Let’s think how much servers do you need to run 1 PetaByte of data? It simple you need 3 PB of storage because if you have HDFS, native filesystem for a Big Data framework, it will create three copies of your data and will spread those pieces across the cluster randomly.

How much server nodes do you need? The biggest NL-SAS HDD 3.5” you can find nowadays is 12TB (actually 10.91 TiB), the biggest SAS HDD 2.5” is 2.4 TB (2.18 TiB) and the biggest SSD drive 2.5” out there is 32TiB (more like 30TiB), but not all servers supports that, and nearest supported drive is 1.6TB (1.46 TiB). So, the SSD with 2.5” has the most compact data footprint and most performant, but the most expensive one.

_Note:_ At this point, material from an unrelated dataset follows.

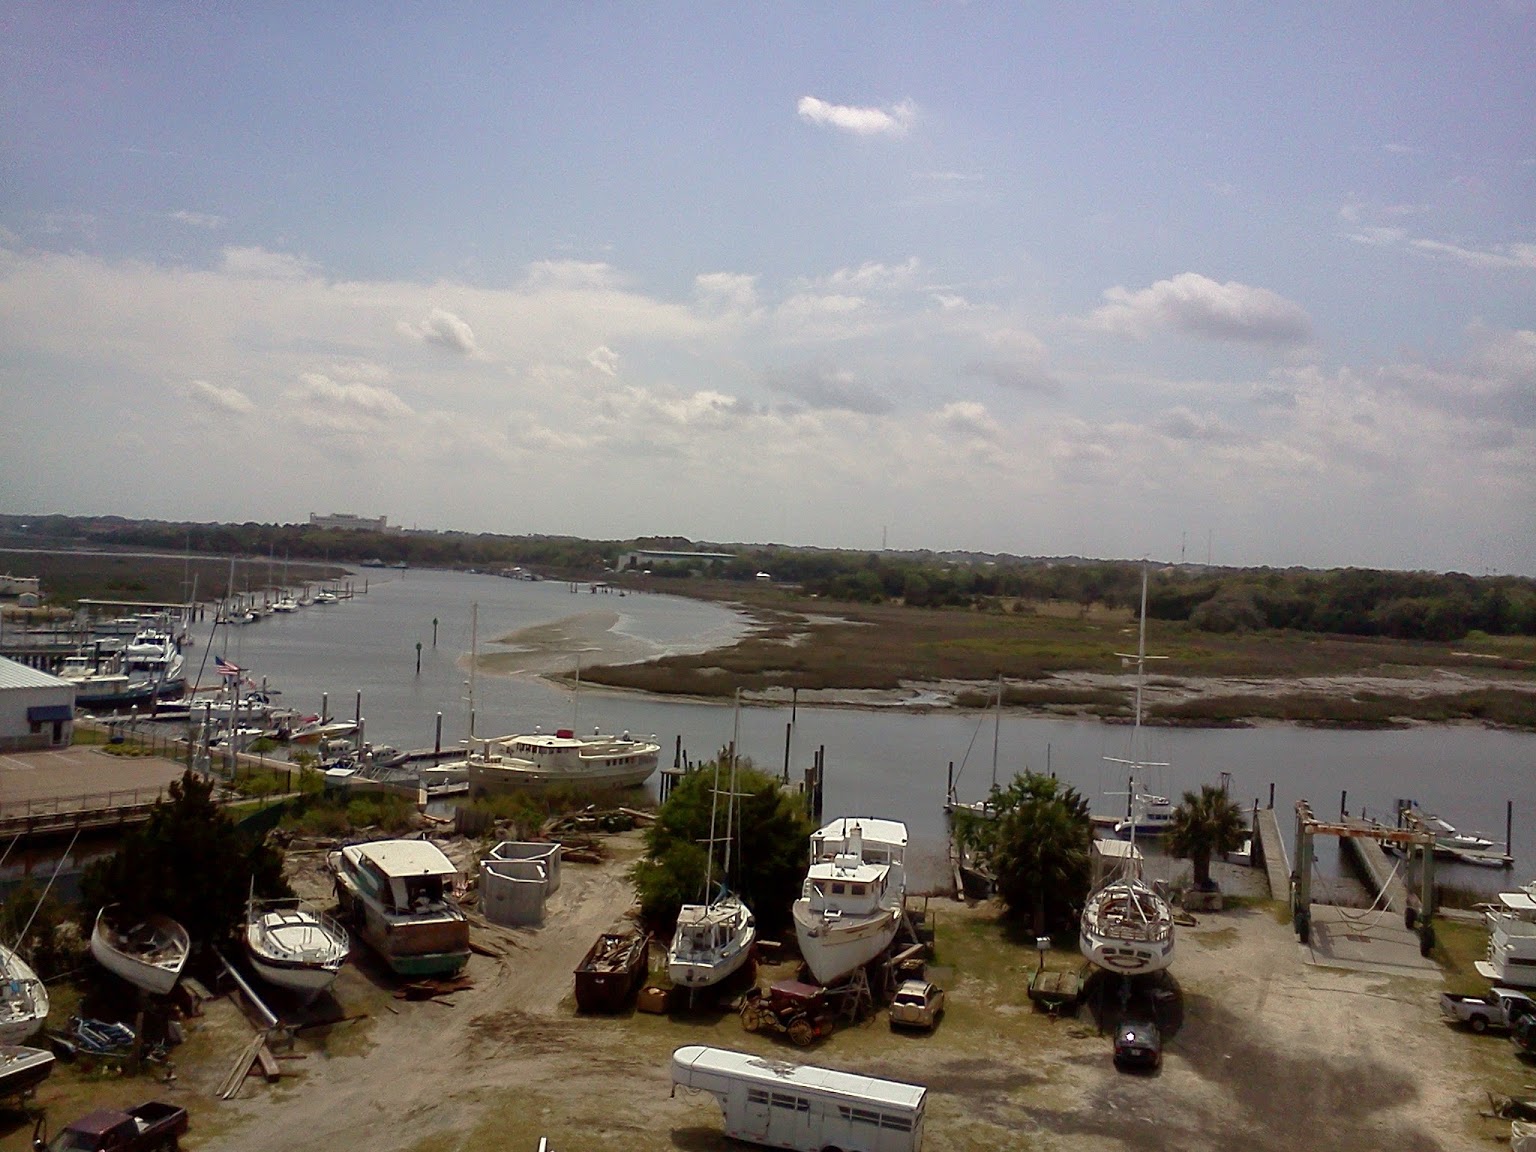 Xynides Boat Yard in St. Augustine, FL

To get 1PiB of storage with HDFS, we will need 3PiB of raw capacity, which is (sorted from highest to lowest number of drives):

  • 3PiB/1.46TiB = 2104 drives with 1.6TB SSD
  • 3PiB/2.18TiB = 1409 drives with 2.4TB SAS
  • 3PiB/5.46TiB = 563 drives with 6TB NL-SAS
  • 3PiB/9.09TiB = 338 drives with 10TB SSD
  • 3PiB/10.91TiB = 281 drives with 12TB NL-SAS
  • 3PiB/30TiB = 102 drives with 32TB SSD (Not supposed with most servers yet)

How much 2.5” drives you can put to a rack server? About ten drives into 1U rack server or up to 24-26 drives into 2U. Moreover, when it comes to NL-SAS, you can put maximum 12 drives in a 2U rack server. Having 10-26 SSD drives per server is a good way to fully utilize performance potential of SSD drives.

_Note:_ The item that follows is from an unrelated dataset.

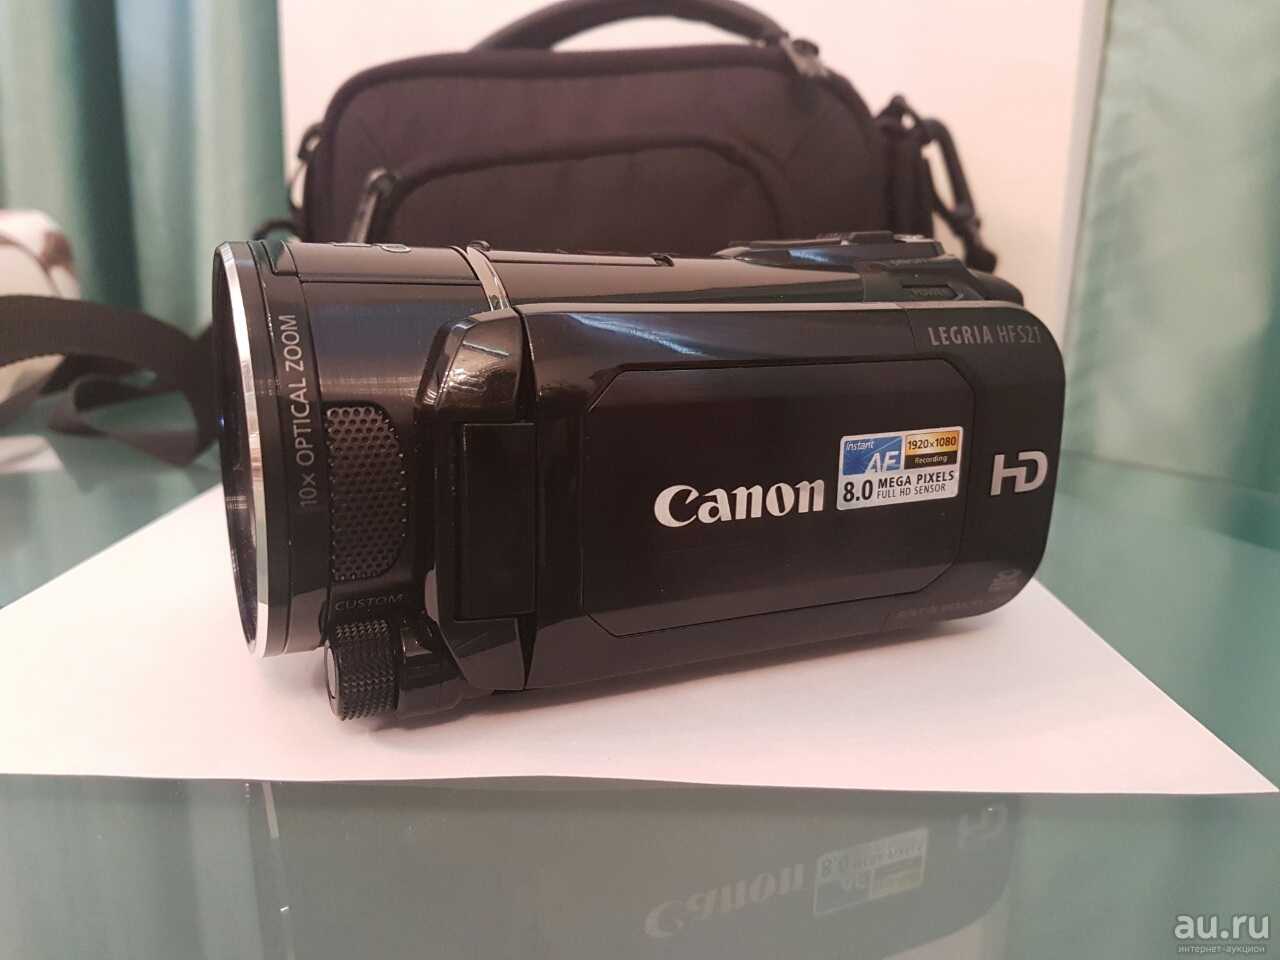 Видеокамера canon legria hf m41 — купить, цена и характеристики, отзывы

  1. In this case, you’ll need either (1.6TB SSD) 2104/26=81 (2U) servers or 1409/26=54  (2U) servers with 2.4TB SAS for SFF drives and might have too many servers & more computing power than you actually need in your Big Data server farm. Moreover, when it comes to more than 20 nodes, usually, you need more than a couple of
  2. Alternatively, you might need (12TB NL-SAS) 281/12=23 (2U) or 563/12=47 servers with 6TB NL-SAS for LFF drives and that number might have not enough computing power then you need, or in contrary, be too much for you.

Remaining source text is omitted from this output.